From Berneray to Leverburgh on Harris is about 5 miles, if you manage to hitch a lift on a passing crow. By ferry, it is much further and for your money you get an hour of wonderful cruising. It is rather like a ski slalom as the boat weaves between the red and green buoys and around the innumerable islands and islets between Berneray and Harris.

We set off and Harris looks to be delightfully ahead.

But watch out helmsman. We need to avoid these rocks.

And these, as well. We can also see here the two islands of Killegray and Ensay – the Carminish Islands. They are on the straight line between Berneray and Leverburgh.

That’s mountainous Harris.

And we are getting closer to Leverburgh where the ferry terminal is sited.


But still there are slalom buoys to get round.

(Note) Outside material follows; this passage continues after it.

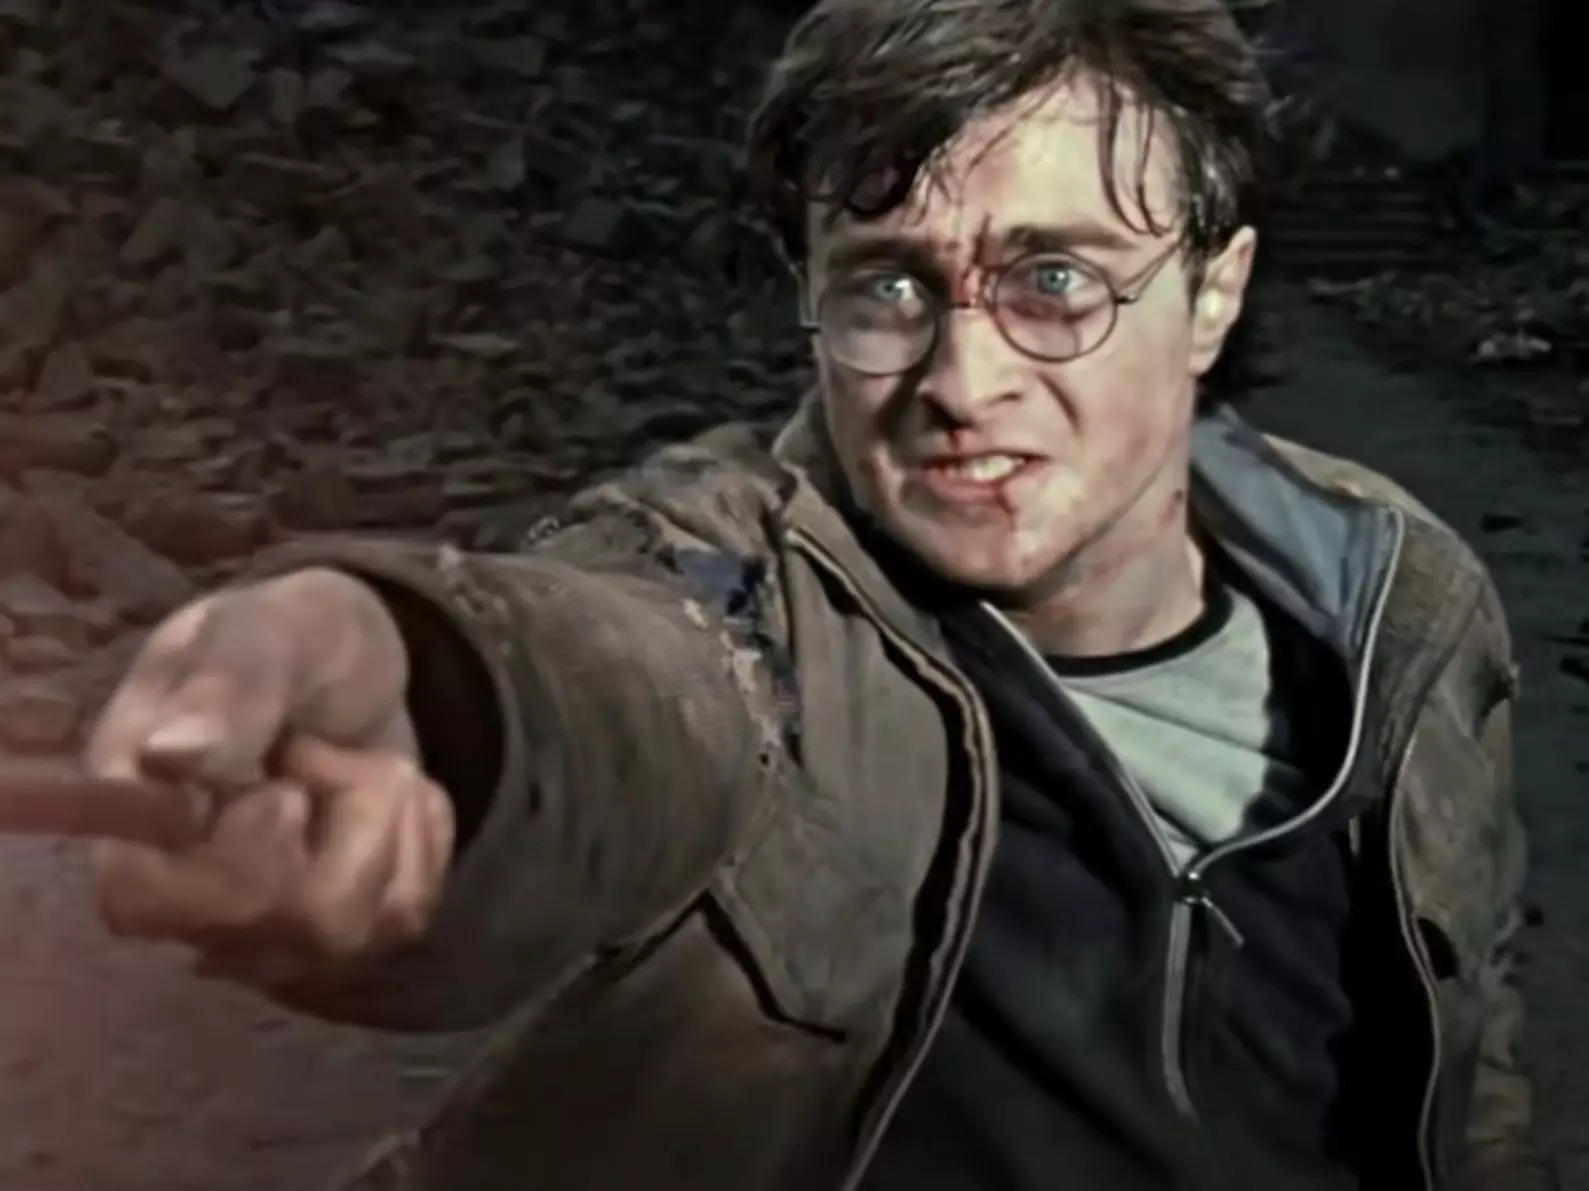 Daniel Radcliffe as Harry Potter in "Harry Potter and the Deathly Hallows: Part 2."

The view straight ahead with Leverburgh now on our starboard side.

But after a really lovely cruise we do head in to the Harris terminal.

We are in the protected waters of Leverburgh Harbour on Harris.

Harris! Actually the hills in the background might be on neighbouring Taransay.

And there we definitely see Taransay.

A photographer lines things up.
At this point it is confession time. I’d had enough and was desperate to get a tent up and get a cup of tea inside me. So, as fast as slow moving traffic allowed, we went over the mountains to Tarbert, the main place on Harris and continued generally northwards. The mountains, bleak and gaunt, gave way to gentler countryside and we had moved seamlessly from Harris to Lewis. Yes, the two are one island but in times past, the mountains were a blockage and boat transport was used to travel down to Tarbert giving rise to the idea of two islands.
We passed Loch Seaforth, which brought back memories of a 1970 trip to Scotland when a boat we used from Mallaig to Kyle of Lochalsh had carried the name, ‘Loch Seaforth’.
Eventually, we arrived at Stornoway, capital of the Outer Hebrides and found the camp site. It was not a particularly lovely one but it was to be home for three days.